**Task statement:**
The answer must consist only of the lines in the records below from the line with "AquaClear Foam Filter Insert" to the line with "2.5 CASE HD", both included, copied word for word with every picture left out.

**Dataset records:**
== Segment start ==
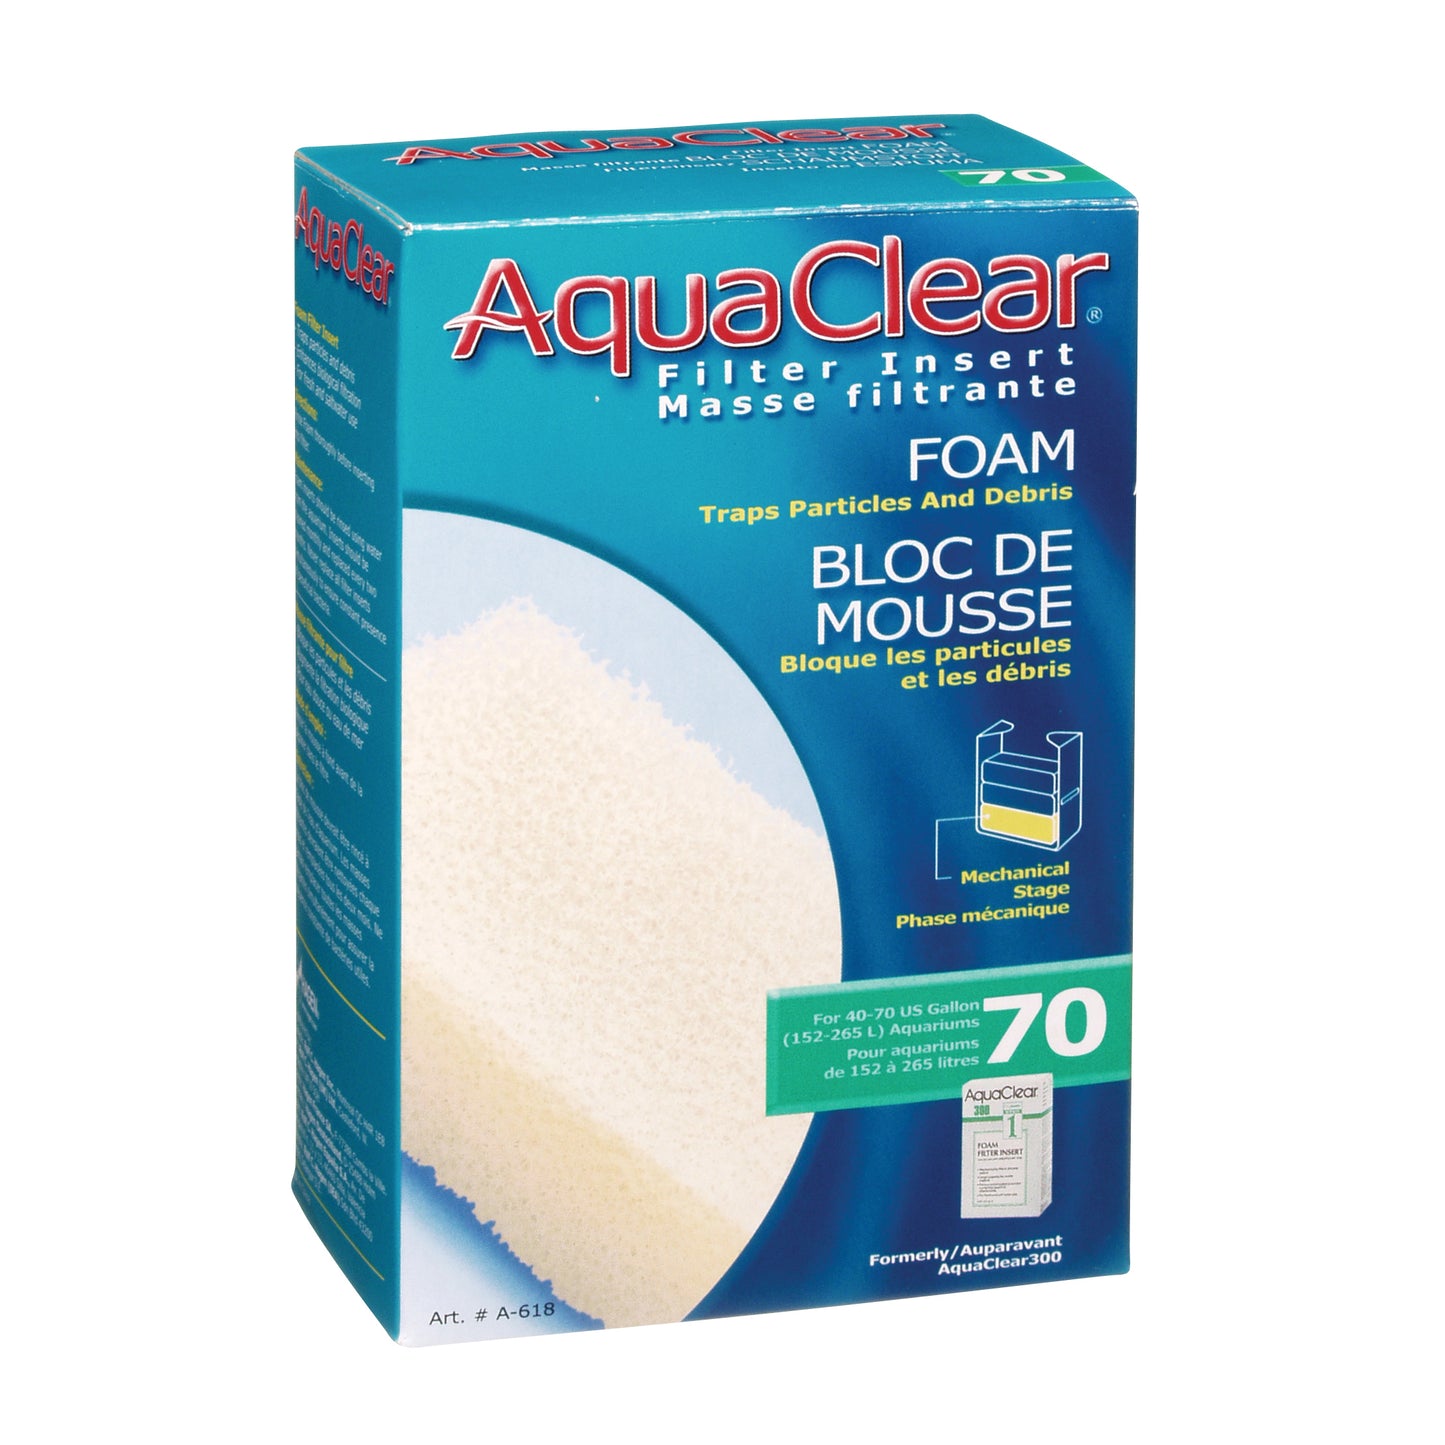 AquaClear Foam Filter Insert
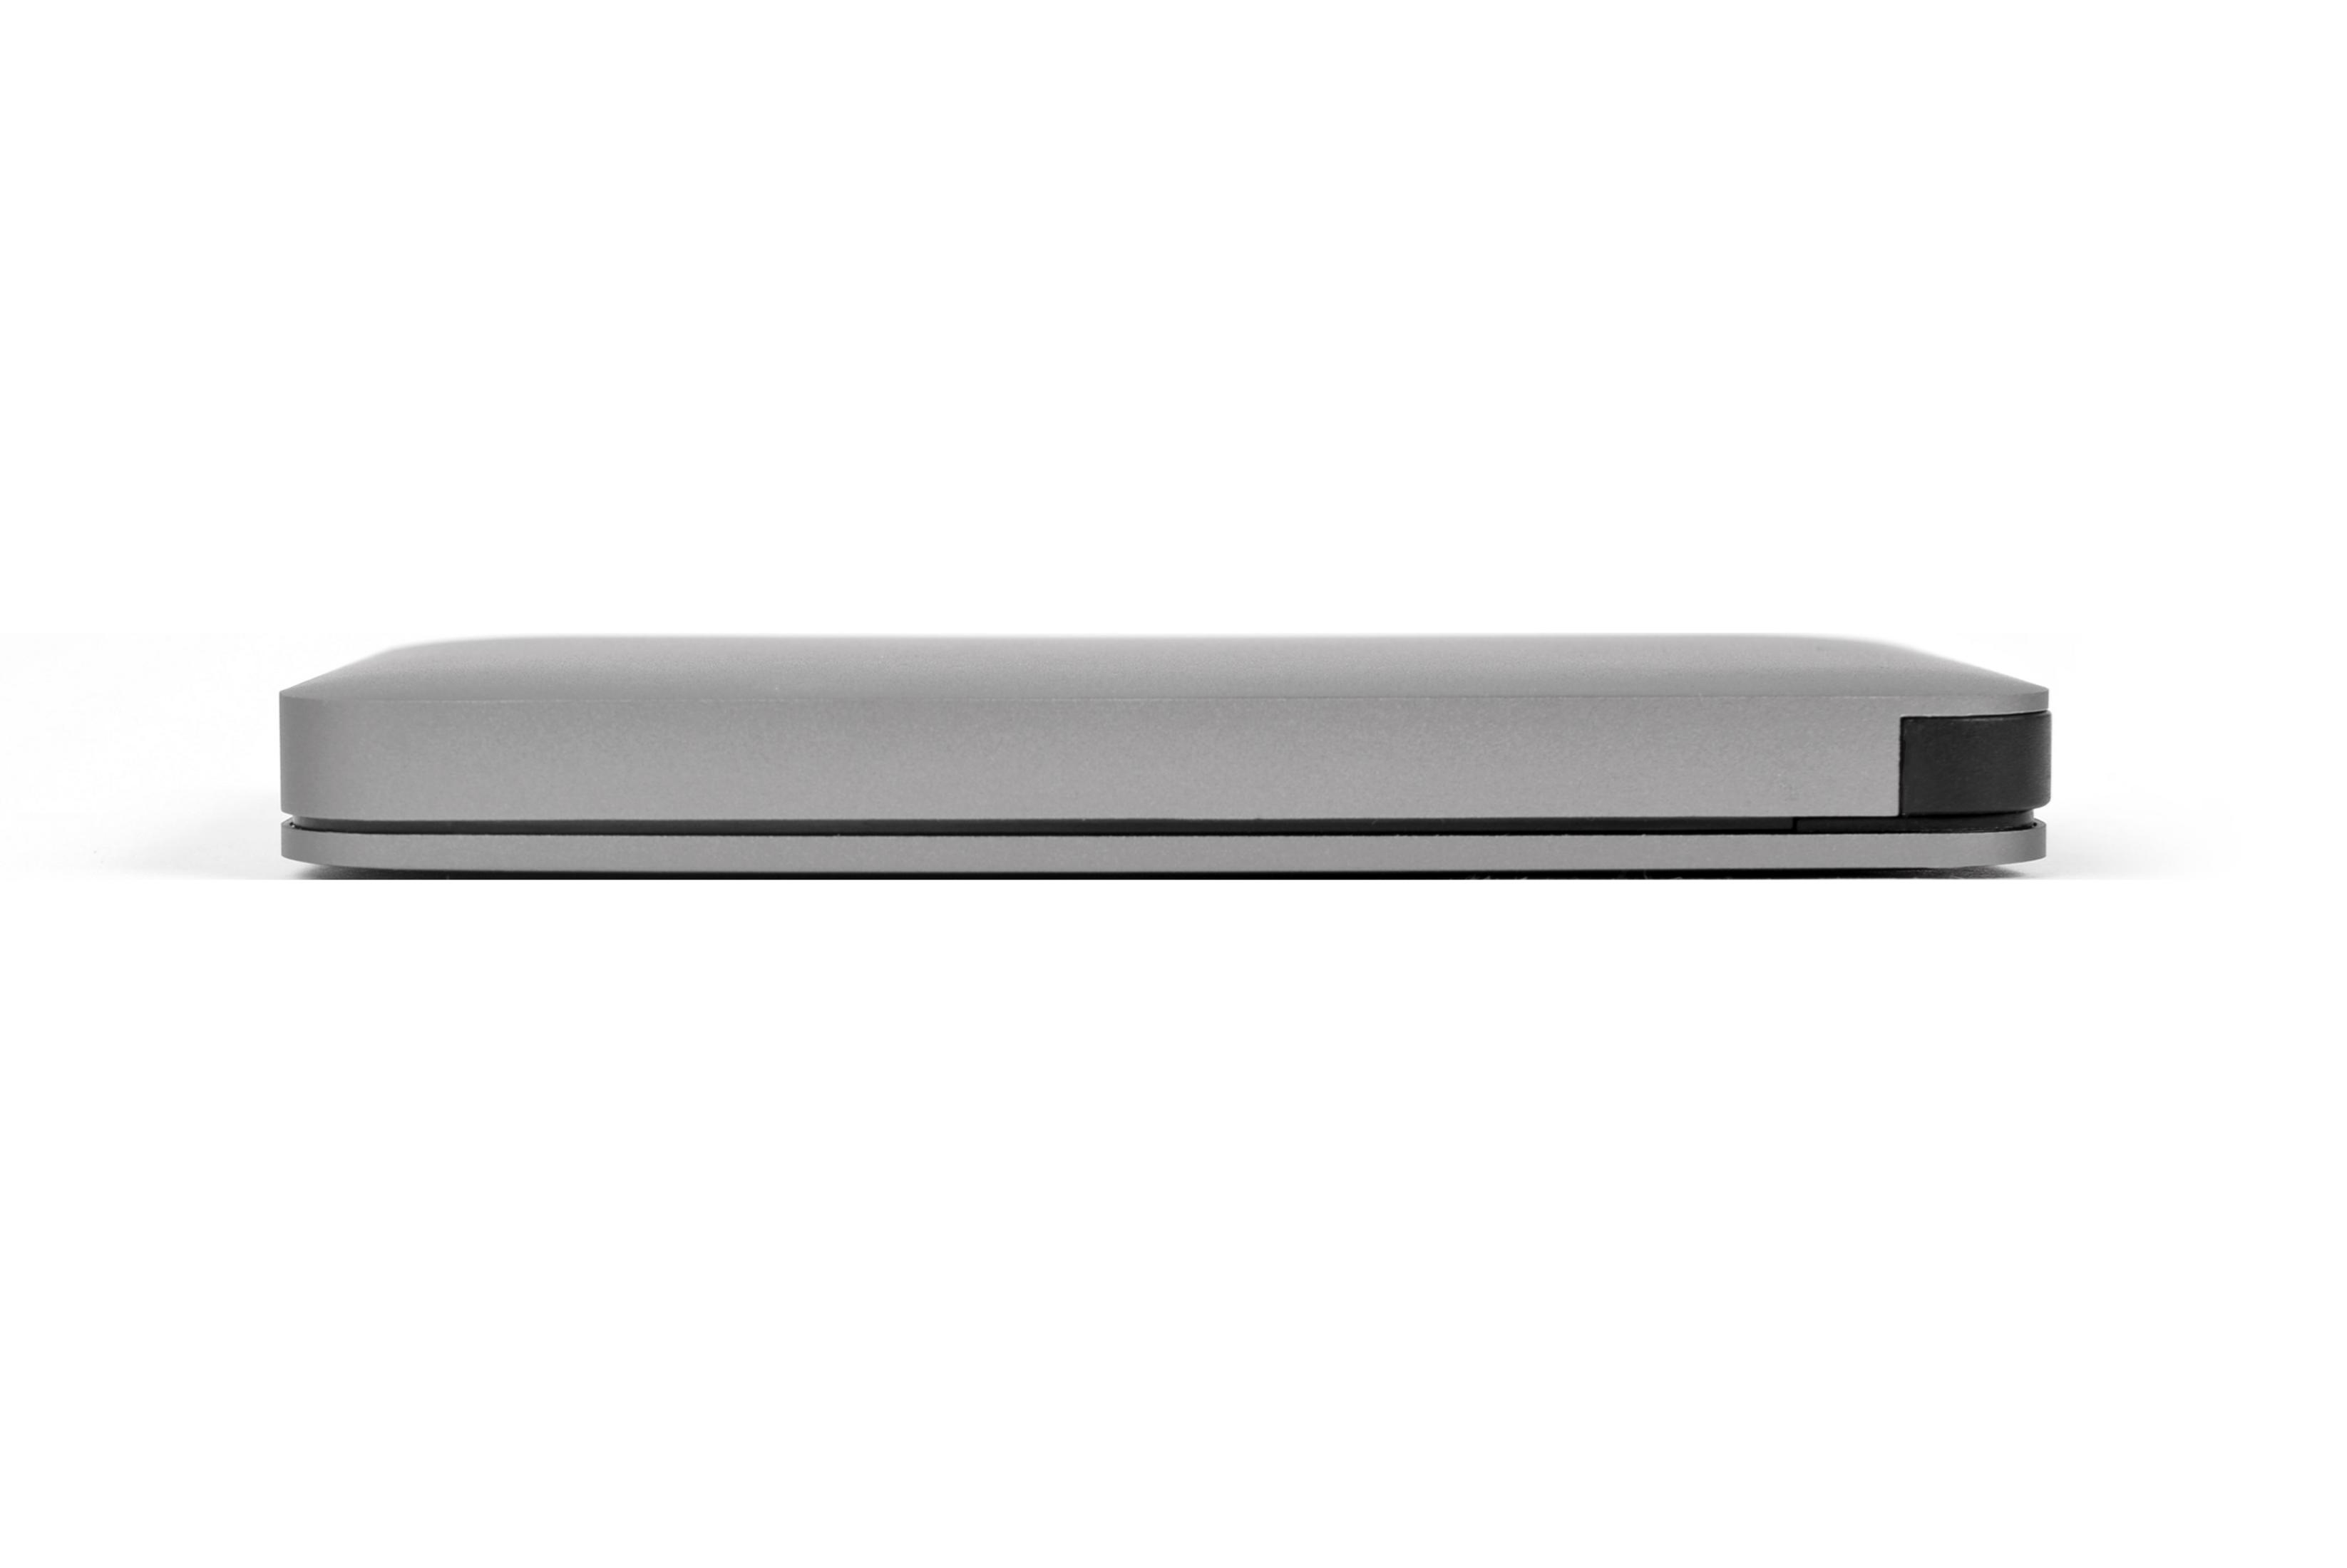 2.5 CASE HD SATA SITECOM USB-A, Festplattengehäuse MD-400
== Segment end ==
== Segment start ==
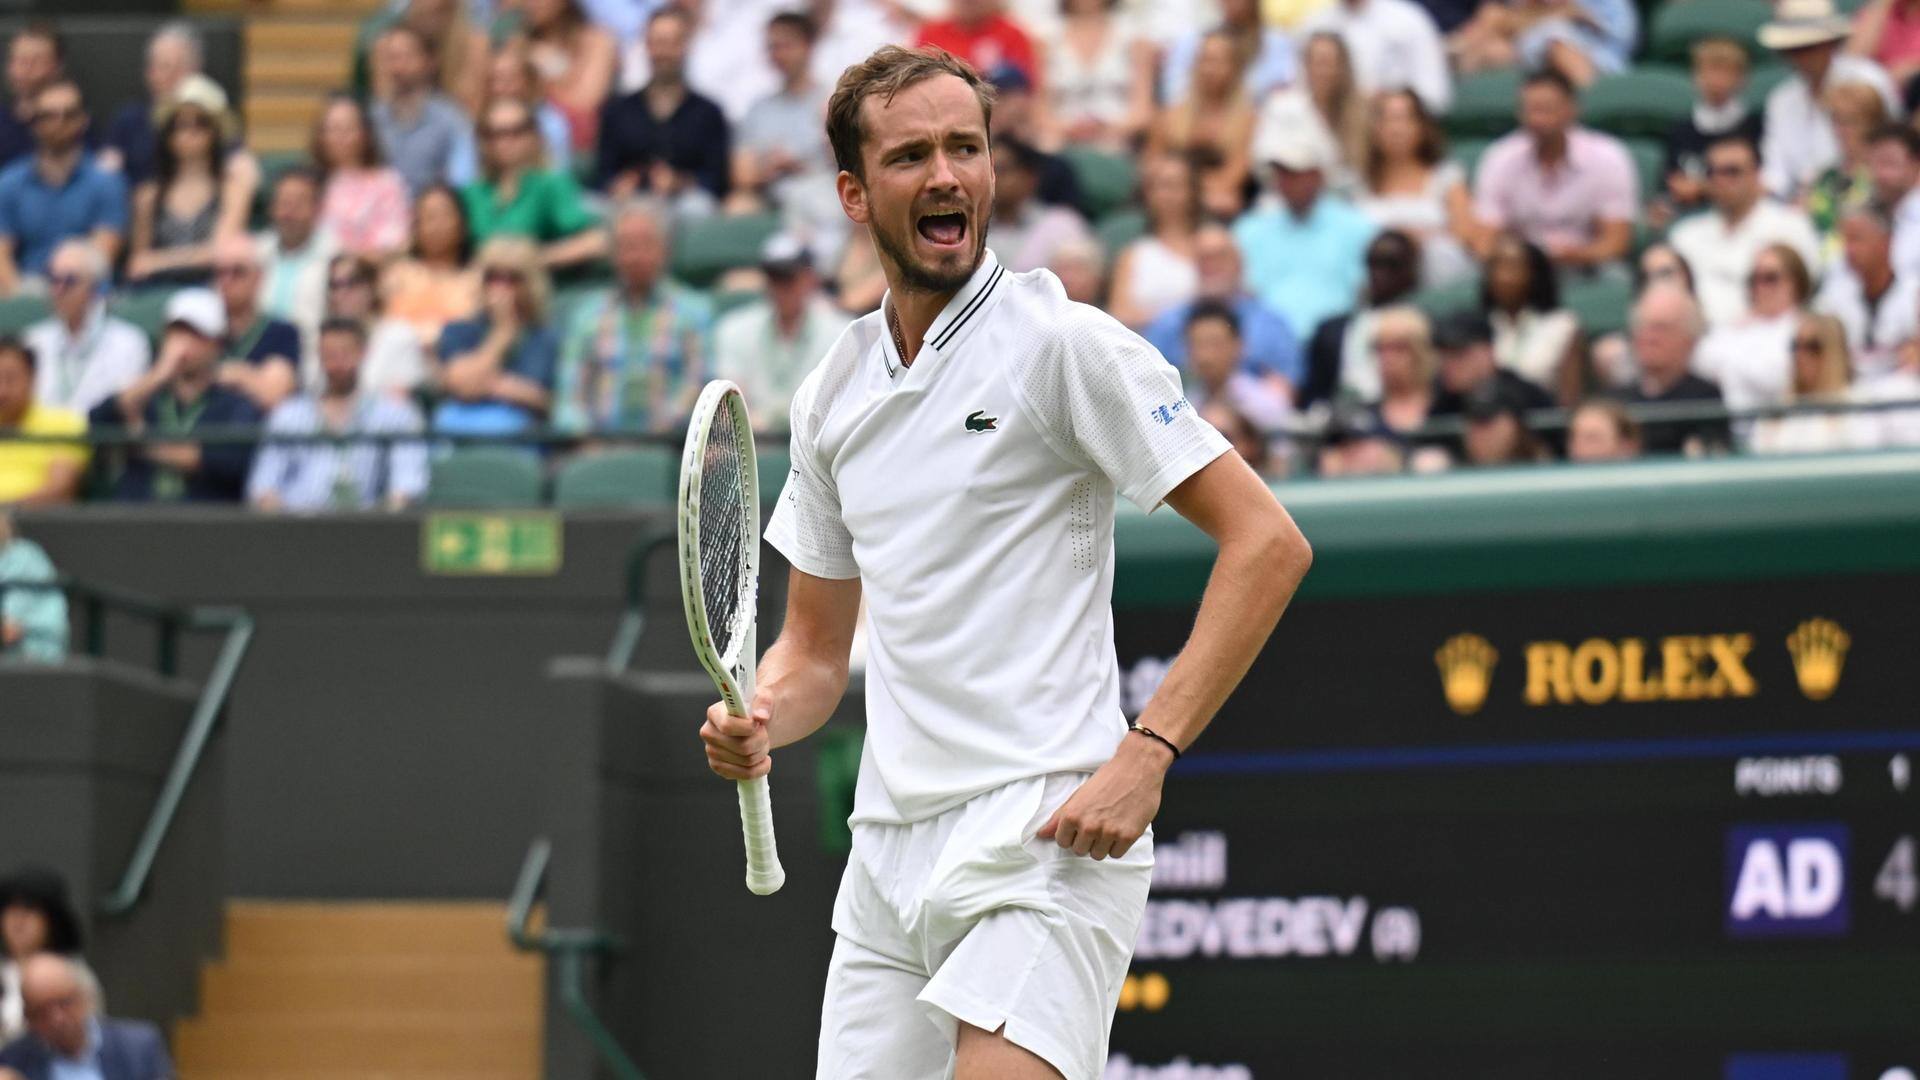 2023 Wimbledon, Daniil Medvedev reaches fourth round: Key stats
== Segment end ==
== Segment start ==
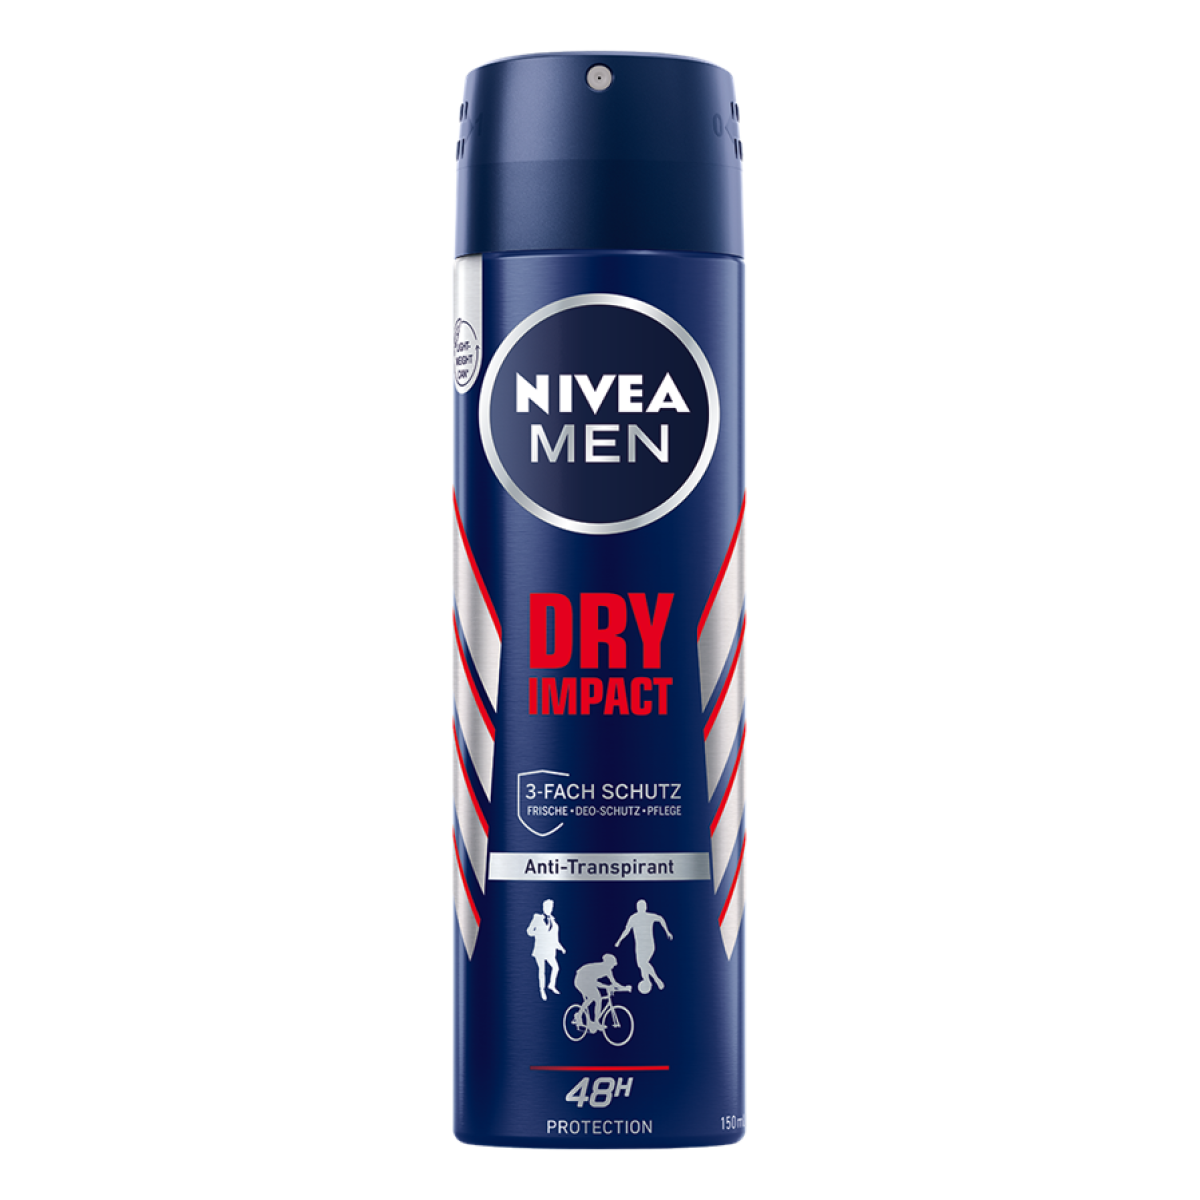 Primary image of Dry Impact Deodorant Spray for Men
== Segment end ==
**Exercise result:**
 AquaClear Foam Filter Insert
 2.5 CASE HD SATA SITECOM USB-A, Festplattengehäuse MD-400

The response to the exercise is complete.